§ What you are asked to do:
In your copy of the data, keep every word exact and include no pictures.
[Source material Boundary: Start]
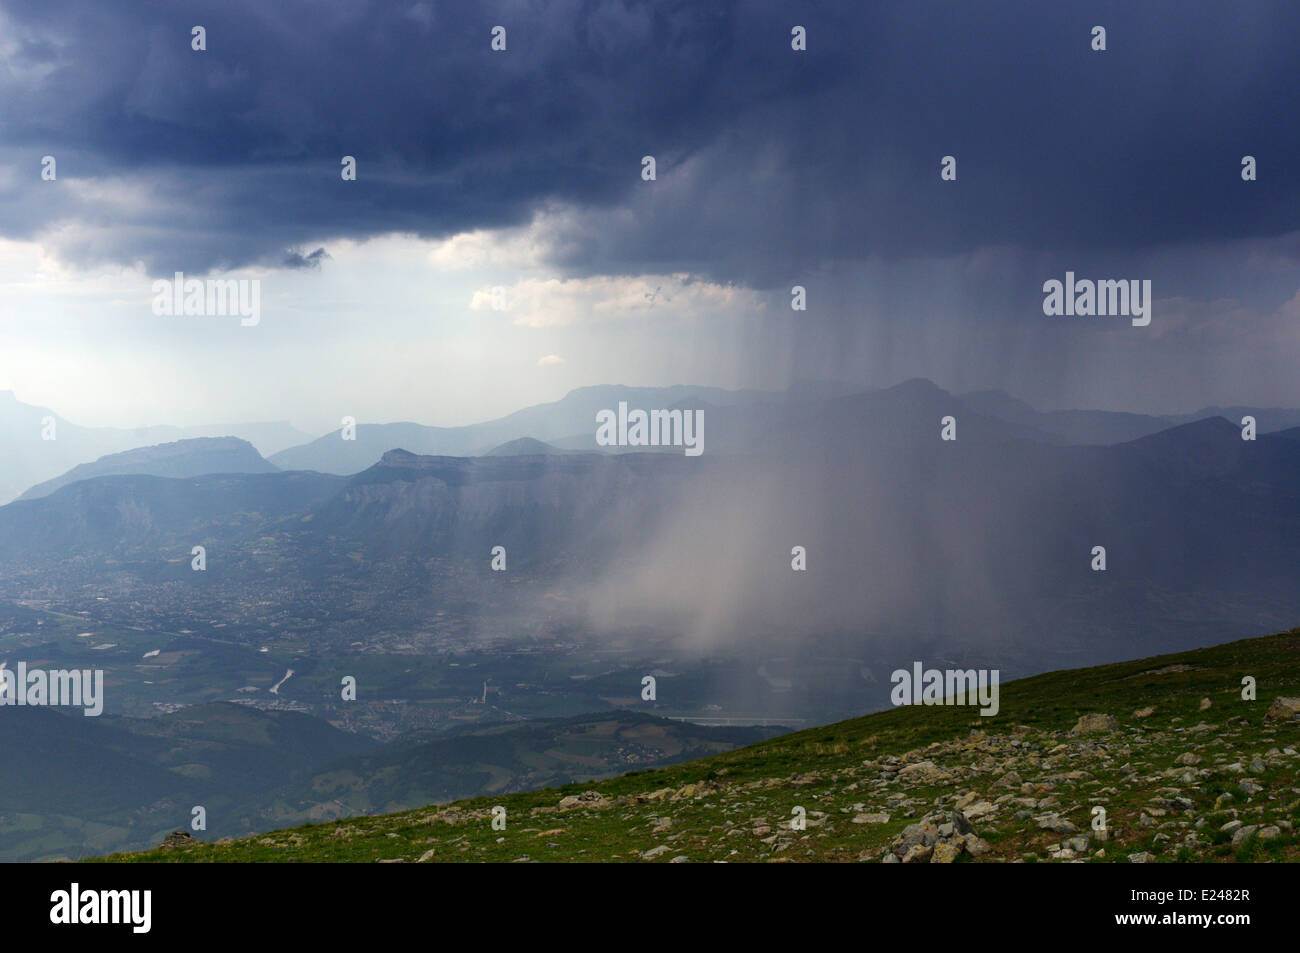 Ein Wolkenbruch fallen im Tal von Hoch in den Belledonne Spektrum der Berg in der Nähe von Grenoble in Frankreich gesehen Stockfoto
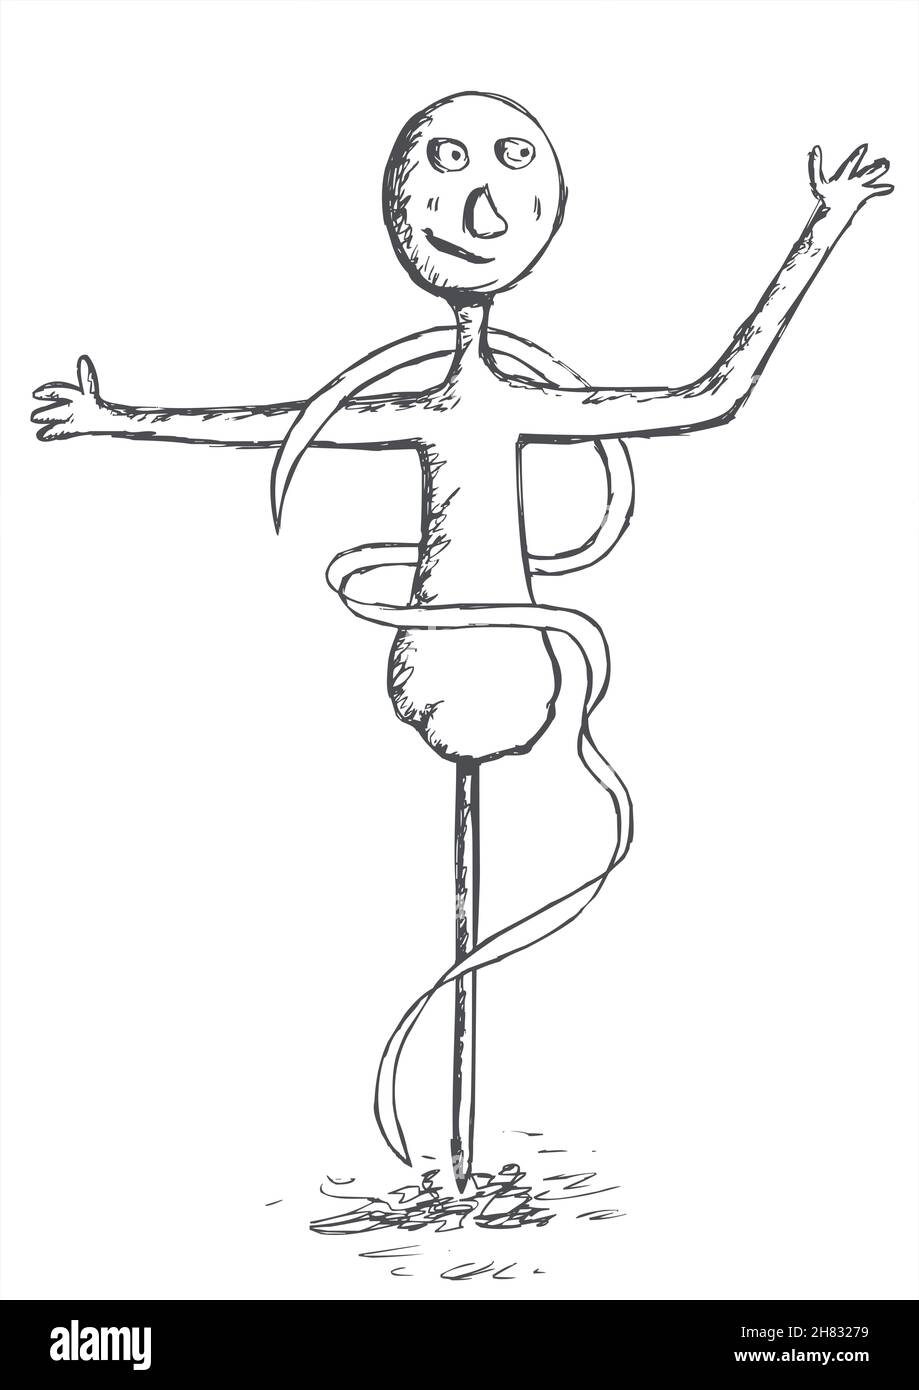 Personnage symbolique dansant, dessine et esquissé Illustration de Vecteur
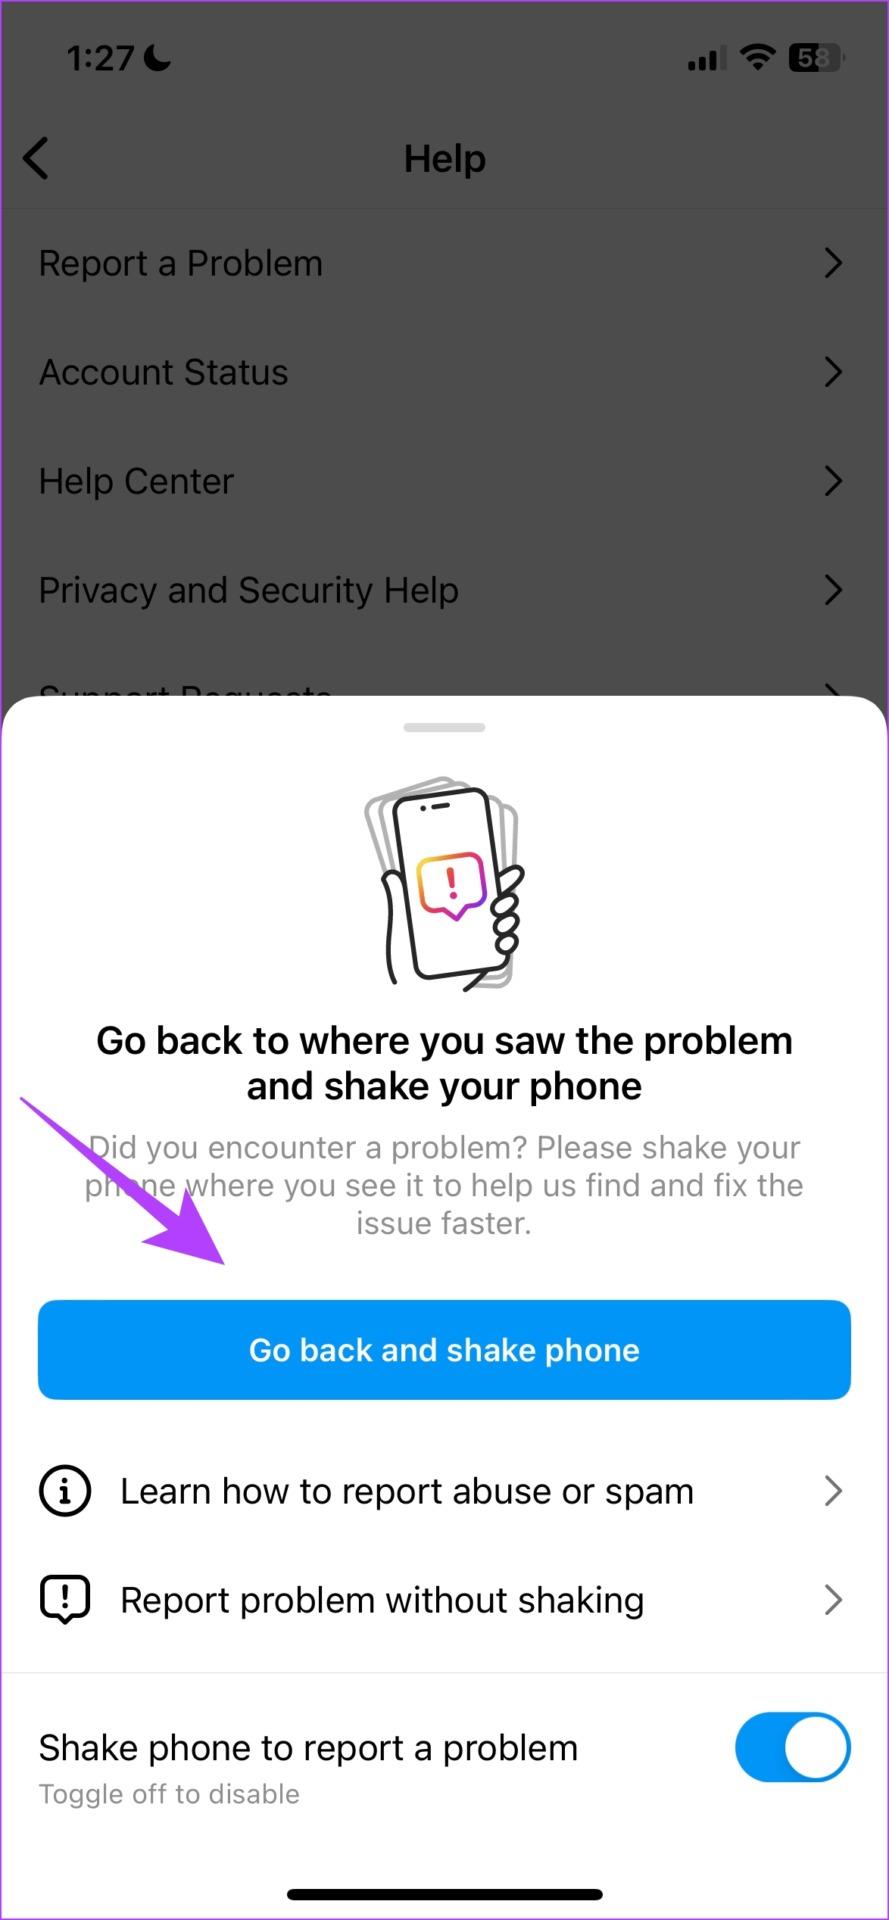 13 طريقة لإصلاح عدم تحميل قصة Instagram على iPhone وAndroid
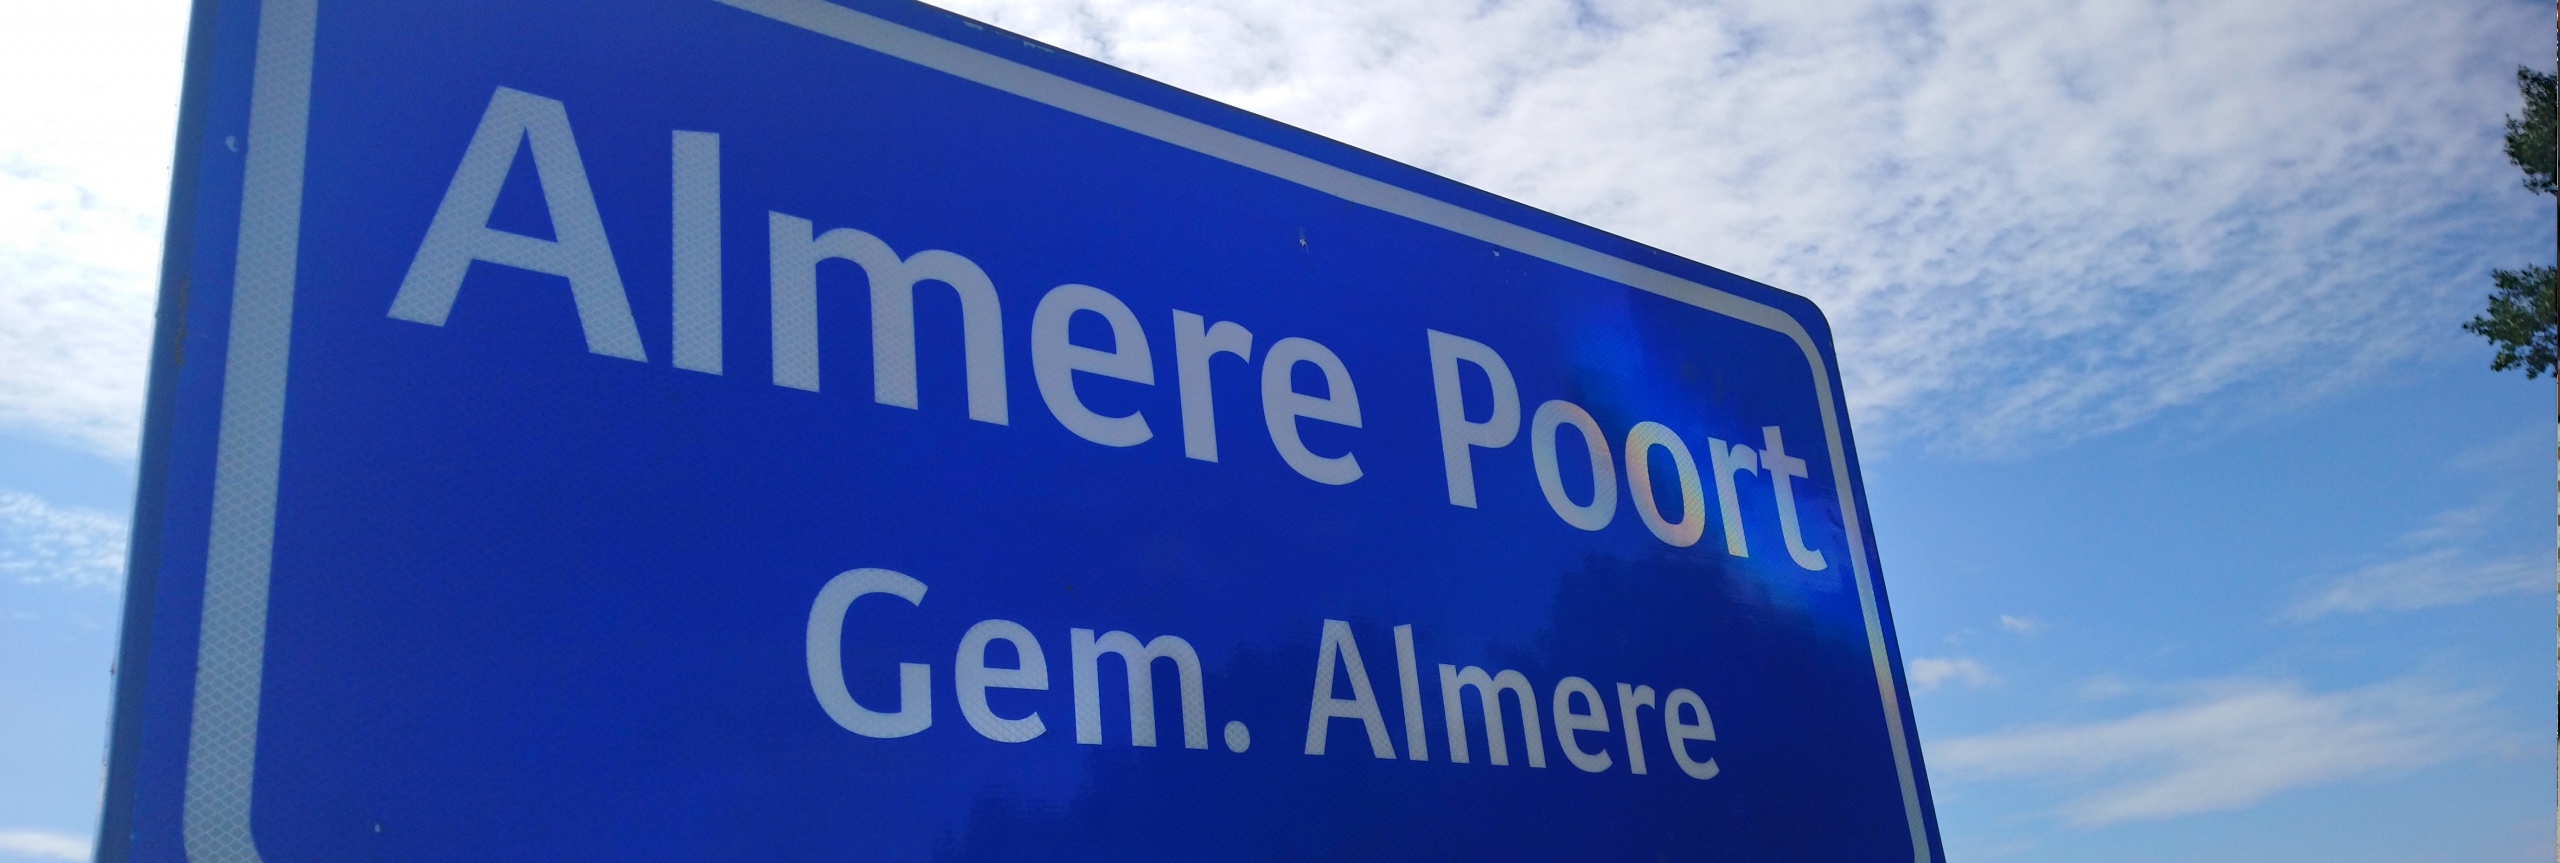 Blauwverkeersbord op de grens van Almere Poort
[Source material Boundary: End]
§ Answer to this task:
 Ein Wolkenbruch fallen im Tal von Hoch in den Belledonne Spektrum der Berg in der Nähe von Grenoble in Frankreich gesehen Stockfoto
 Personnage symbolique dansant, dessine et esquissé Illustration de Vecteur
 13 طريقة لإصلاح عدم تحميل قصة Instagram على iPhone وAndroid
 Blauwverkeersbord op de grens van Almere Poort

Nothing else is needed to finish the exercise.